Georgia Democrats' success in 2020 offers blueprint for other deep-red state
Georgia Democrats’ focus on narrow demographic slices of the electorate could prove especially intriguing to party leaders in other Southern Sun Belt states.
The Georgia Democratic Party has its answer for how the state delivered its electoral votes to Joe Biden for president in November and gave Democrats control of the U.S. Senate with runoff victories two months later.
The short answer: time, money and plenty of staff and volunteers using “tailored outreach” to make Georgia’s electorate younger, less white, and more focused on absentee and early voting than it’s ever been.
In a new analysis of the 2020 cycle, state party officials cast the outcome essentially as Politics 101. Yet any details of Georgia Democrats’ road map promise to attract interest given the state’s shift from reliably Republican to the nation’s hottest battleground. Georgia Democrats’ focus on narrow demographic slices of the electorate could prove especially intriguing to party leaders in other Southern Sun Belt states including North Carolina, Florida, and Texas.
“These victories weren’t random … the result of some miracle,” Georgia Democratic chairwoman and U.S. Rep. Nikema Williams told party donors on a conference call Tuesday evening.
Williams described years of organizing and a deliberate timeline of ramping up staff ahead of 2020, insisting that Georgia’s growth alone didn’t ensure record presidential and Senate vote totals for Democrats. Rather, she said, it was tapping into that changing population to maximize votes.
For example, the party began its push toward vote-by-mail in the spring, ahead of the primary.
In the fall, phone banks involved as many as 16 languages. The Voter Protection Hotline, on which citizens could ask questions about the voting process, was available in seven languages by September: English, Spanish, Mandarin, Vietnamese, Korean, Hindi, and Urdu.
The party aimed events, most online because of the coronavirus pandemic, at specific demographic groups. The campaign spent at least $1.5 million on “in-language” advertising, including digital, radio, and print, for the general election, plus another $2.5 million ahead of the Senate runoffs. Democrats matched surrogates to specific communities, and those targeted events, party officials said, were led by paid staffers who reflected the various races and ethnicities.
Scott Hogan, executive director of the state party, called it a “conscious decision” to build a staff that “reflected the state of Georgia,” rather than schedule targeted events and then have them led by staffers or volunteers who were mismatched to their audiences.
Biden would go on to edge Donald Trump in November by about 12,000 votes out of 5 million cast, and Trump would falsely persist with claims that he lost because of fraud even after Georgia’s results were tallied three times. Two months later, Raphael Warnock and Jon Ossoff won their Senate runoffs by margins outside the recount threshold.
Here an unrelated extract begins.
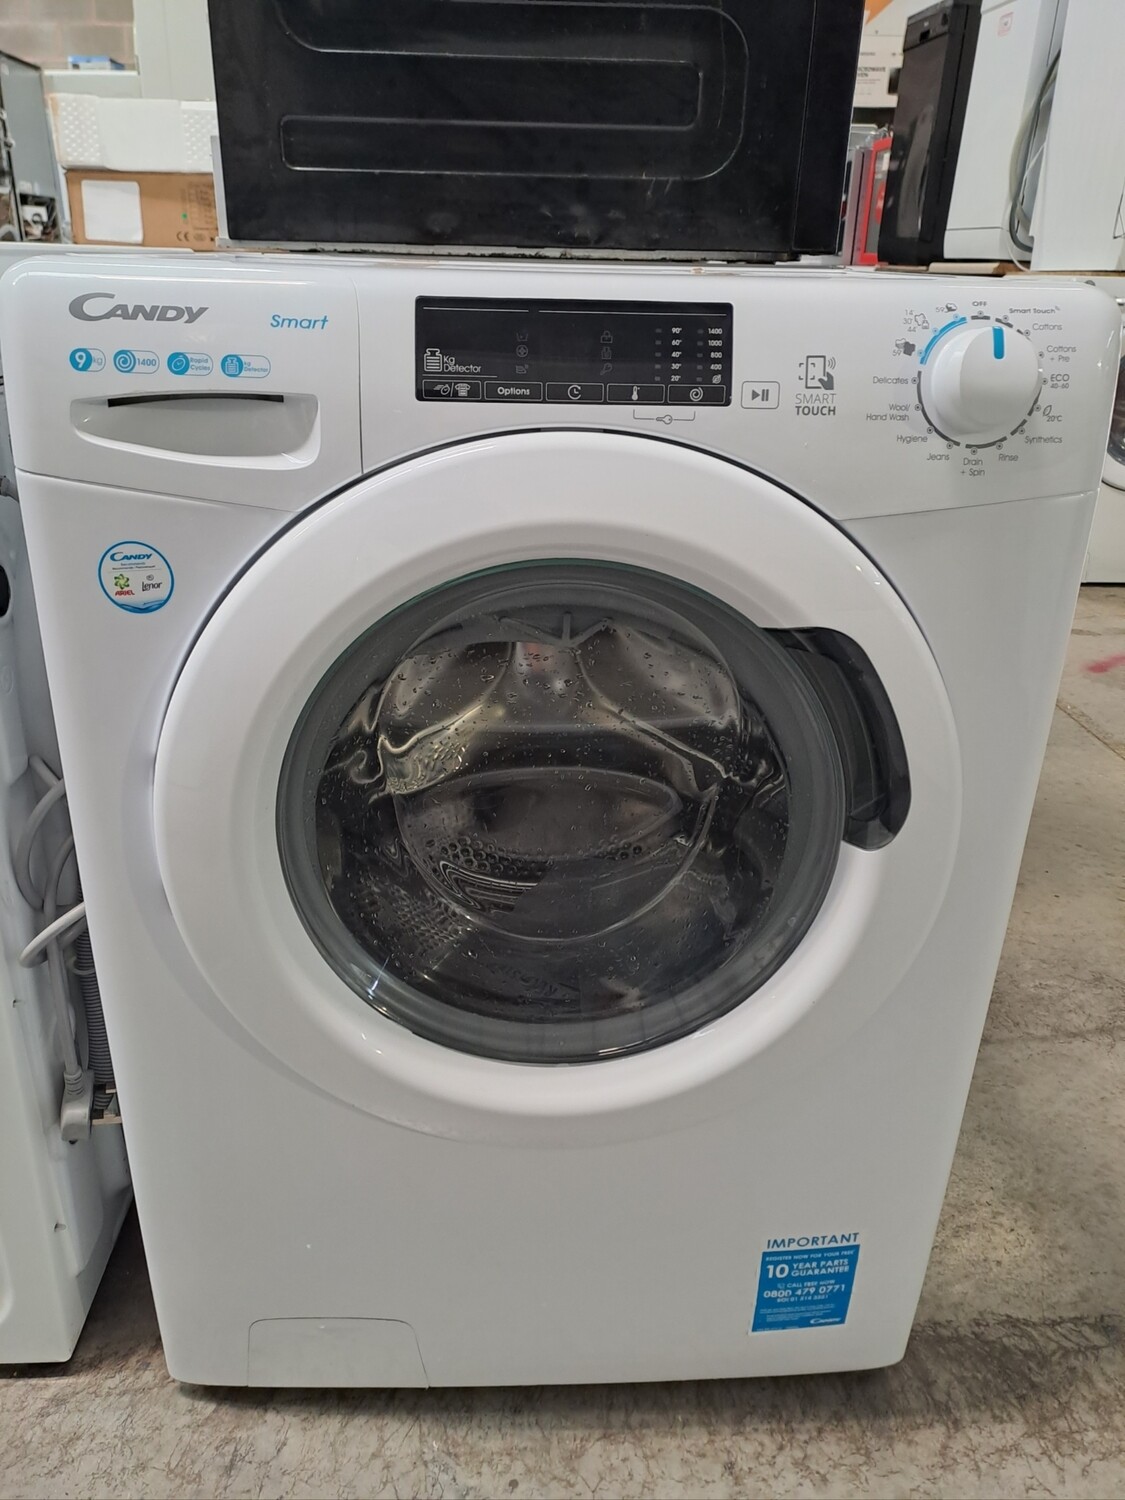 Candy CS149TE-80 9kg Load 1400 Spin Washing Machine - White - Brand New - 12 Month Guarantee

A spike in absentee voting benefited Democrats. The party reported that Biden managed an 8 percentage point advantage over Trump in absentee support, compared with an essential draw between Trump and Hillary Clinton four years earlier.
Younger and nonwhite participation increased to Democrats’ advantage. The party’s analysis found turnout by 18- to 24-year-olds was 51% in 2020, compared with 46.4% in 2016. For 25- to 29-year-olds, turnout jumped from 42% to 46%. Black turnout in November topped 66%, compared with 61.5% in 2016. Asian American voters and Latino voters also increased their combined share of the electorate to 5.5% in November, up from 3.7% four years earlier.
Those numbers meant Democrats widened their advantage in metro areas, including suburbs closest to Atlanta. The party’s analysis did not detail the apparent shift toward Democrats by some white, college-educated voters in those metropolitan and suburban counties because of dissatisfaction with Trump.
Hogan, the party executive director, emphasized that personnel spending included the most ambitious “voter protection unit” the state party has assembled. He said Biden’s narrow margin likely wouldn’t have been possible without the program. Among other things, it included the hotline that fielded tens of thousands of calls, a website of voting information, and a program that helped provisional-ballot voters correct any errors in time to have their ballots counted.
To be sure, Georgia Democrats’ success couldn’t have come without money. They weren’t starting from scratch after Stacey Abrams’ close loss in the 2018 governor’s race. They used monthly support from the Democratic National Committee as well. Biden’s campaign steered additional resources. And the Senate runoffs, with control of Capitol Hill at stake, provided a flood of national cash.
That’s perhaps the biggest cautionary tale to Democrats in places like Florida or Texas. Florida’s Democratic Party, despite the state being a perpetual battleground, emerged from 2020 hundreds of thousands of dollars in debt. Texas Democrats, despite a narrowing partisan gap in the state, have yet to be able to finance a true statewide field operation to register and regularly contact voters.
And in all three states, including Georgia, Republican-run legislatures have adopted new restrictions on voting rules, especially absentee voting, that Democrats used to their advantage in 2020.
But Williams and Hogan said their 2020 effort still provides a “blueprint” for anywhere. “It’s not that we came up with a miraculous, neat idea,” Hogan said. “It’s that we committed to it and never stopped.”